National Security Strategy

The Obama Administration is releasing its long-awaited National Security Strategy today.  Josh Rogin and others have a sneak preview.

I’ll be doing more substantive commentary once I’ve had a chance to digest the whole 52-page document.  In the meantime, I’ve compiled a roundup post at New Atlanticist titled “National Security Strategy Instant Reactions.”

My main concern is the very thing that makes Christine Parthemore, the Bacevich Fellow at the Center for a New American Security, so happy.  She does a word count and notes “The new NSS mentions energy more than engagement or military. And climate change appears more than intelligence.”  Of the words she tracked, development (76 mentions) tops the list, followed closely by nuclear (74).  Well down the list are energy (49), military (44), engagement (43), climate change (28), and intelligence (18).

To me, this is defining national security in a way that has no meaning.

In fairness, the actual conduct of foreign policy under Obama is not, as I’ve written before, all that great a departure from that of post-2005 George W. Bush.  But, clearly, they very much want us to think otherwise.

FILED UNDER: Climate Change, Intelligence, National Security, ,
James Joyner
About James Joyner
James Joyner is Professor and Department Head of Security Studies at Marine Corps University's Command and Staff College. He's a former Army officer and Desert Storm veteran. Views expressed here are his own. Follow James on Twitter @DrJJoyner.

Comments

  1. Dave Schuler says:

    I’m going to have to read the rest after I cool down a bit. I was bored by the introduction and the first section, briefly excited at the opening of the second section, only to be disappointed that our actual strategic interests appeared to be cast away in favor of a domestic wish list.

    So far the document resembles a State of the Union speech. A State of the Globe, perhaps? A long wish list that doesn’t mean a great deal.

    Are we genuinely underinvested in education and healthcare? We spend well over a trillion dollars a year on education and three trillion a year on healthcare and rising fast. What would be an appropriate level of investment and how can that be realized?

  2. john personna says:

    My main concern is the very thing that makes Christine Parthemore, the Bacevich Fellow at the Center for a New American Security, so happy. She does a word count and notes “The new NSS mentions energy more than engagement or military. And climate change appears more than intelligence.” Of the words she tracked, development (76 mentions) tops the list, followed closely by nuclear (74). Well down the list are energy (49), military (44), engagement (43), climate change (28), and intelligence (18).

    To me, this is defining national security in a way that has no meaning.

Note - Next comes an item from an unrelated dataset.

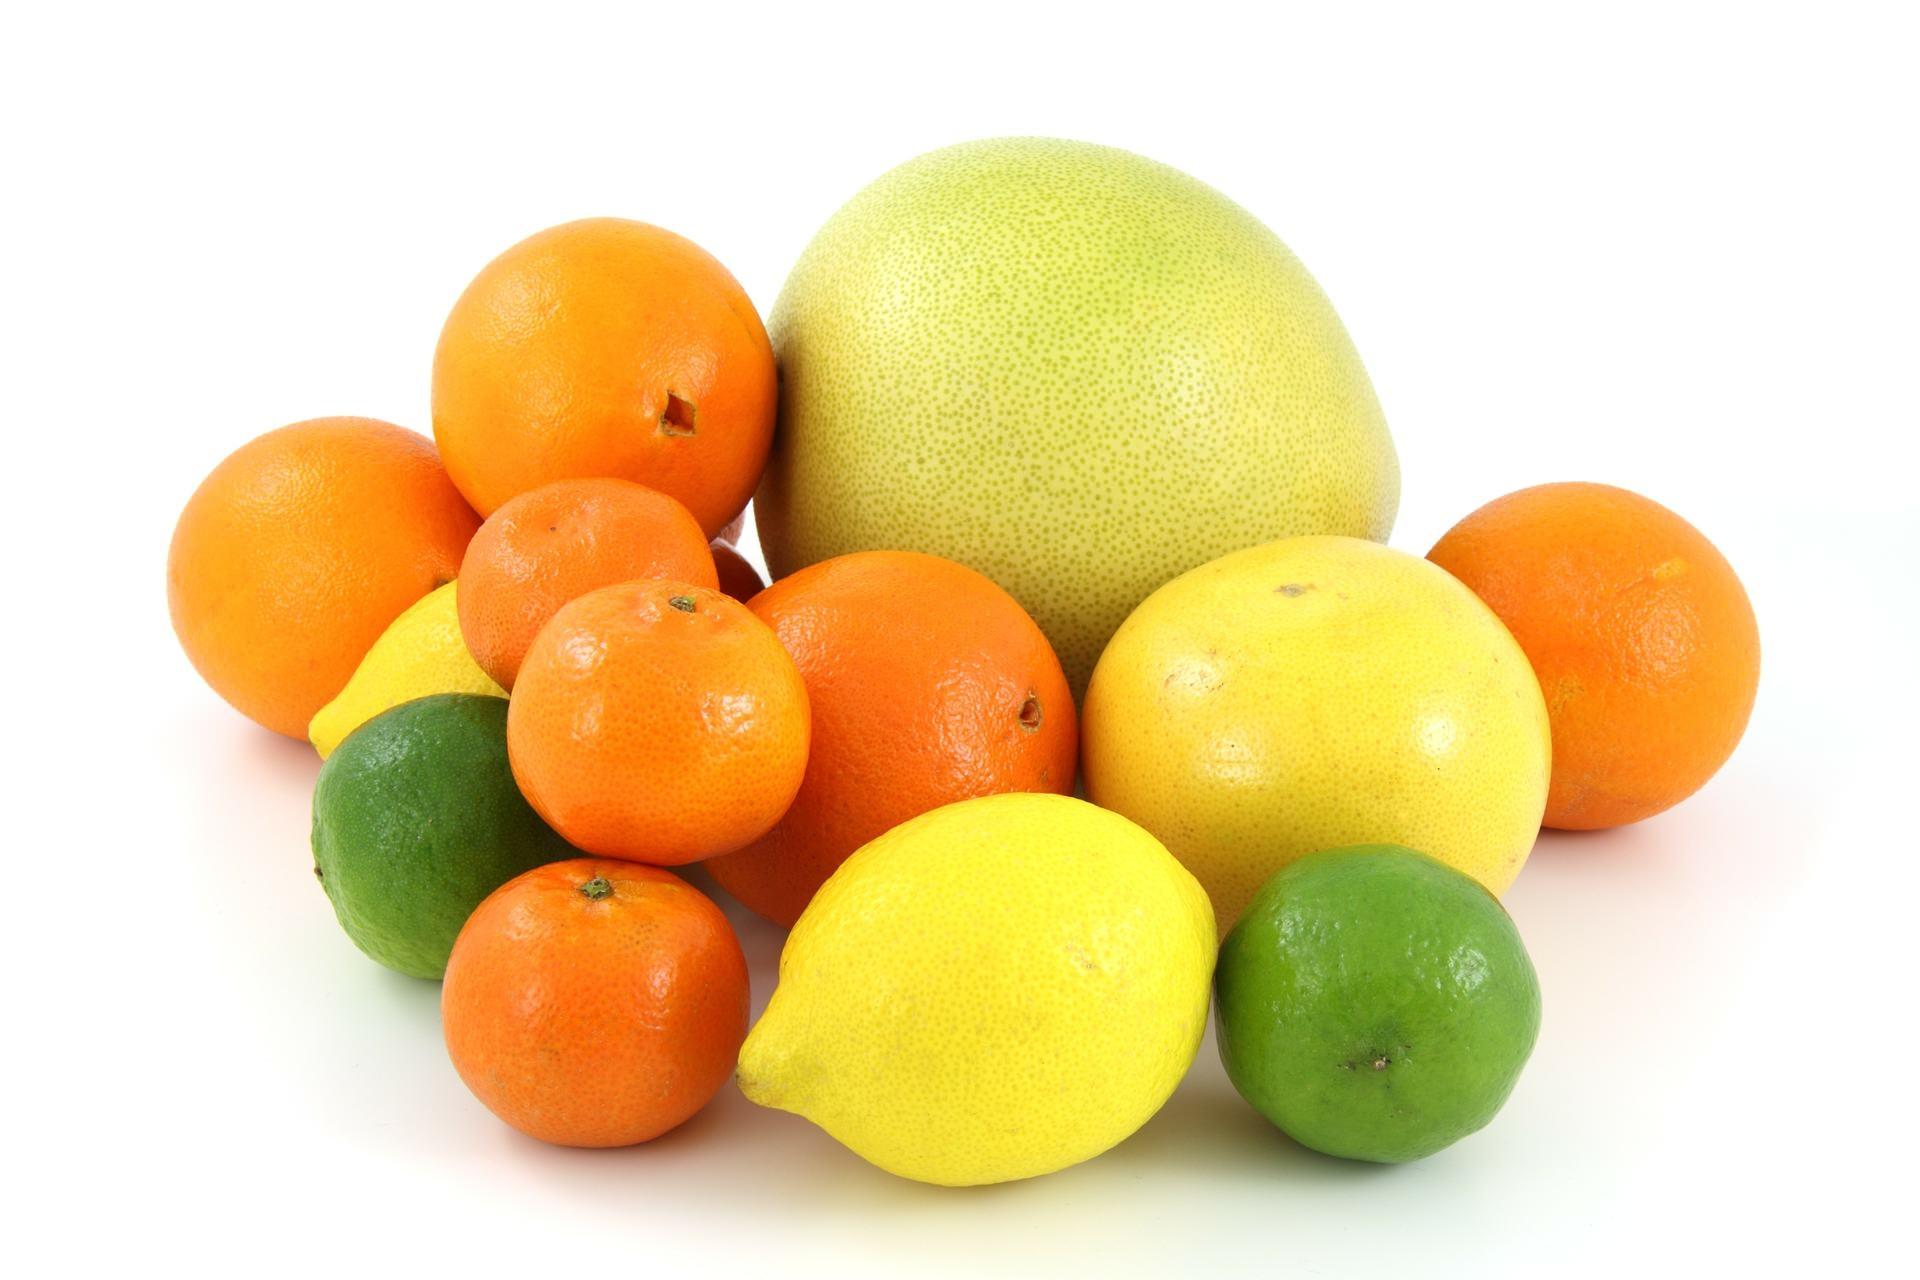 1432032787-fruit-15408_1920-K4l-1920x1280-MM-100

    Well, hasn’t a good part of our “national security” since the Iranian revolution been about securing “energy security?”

    Carter Doctrine

    We could call it Colonial Policy if we were more honest 😉

  3. My main concern is the very thing that makes Christine Parthemore, the Bacevich Fellow at the Center for a New American Security, so happy. She does a word count and notes “The new NSS mentions energy more than engagement or military. And climate change appears more than intelligence.” Of the words she tracked, development (76 mentions) tops the list, followed closely by nuclear (74). Well down the list are energy (49), military (44), engagement (43), climate change (28), and intelligence (18).

    To me, this is defining national security in a way that has no meaning.

    She did a word count ?

    This is what passes for serious analysis ?

  4. TangoMan says:

    In fairness, the actual conduct of foreign policy under Obama is not, as I’ve written before, all that great a departure from that of post-2005 George W. Bush. But, clearly, they very much want us to think otherwise.

    Either a charade or a process of redefining national security strategy where the rate of change is tied to a feedback loop. The more that is changed the faster additional change can be implemented but so far, with policy being not too divergent from Bush-era policy, the rate of change is small. This document might be a roadmap to some desired end state.

  5. Brett says:

    So far the document resembles a State of the Union speech. A State of the Globe, perhaps? A long wish list that doesn’t mean a great deal.

    That’s an apt description, an impression that I got from reading it (I read the whole thing this morning) as well. There’s some content in there (although it’s nothing that hasn’t been said before), but most of it is drowned in a whole lot of “fluff” (nice rhetoric), as well as a laundry list of Obama projects on everything from the economy to climate change.

    It waters the definition of “National Security” down to the point of near-uselessness in the process, including things like domestic initiatives to boost the economy and the like. Really, don’t waste your time reading the whole thing.

  6. steve says:

    No time to read this for a while. I do think that healing our economy is a major national security issue, but not sure it merits NSS coverage. If the word counts are correct, it sounds like they are going after a CNAS type approach of world wide engagement. Sounds more like State Department stuff.

    Steve

  7. James Joyner says:

    it sounds like they are going after a CNAS type approach of world wide engagement

    Astute observation. And, heck, CNAS was basically launched as a shadow cabinet and both of its founders, Campbell and Flournoy, got plum assignments.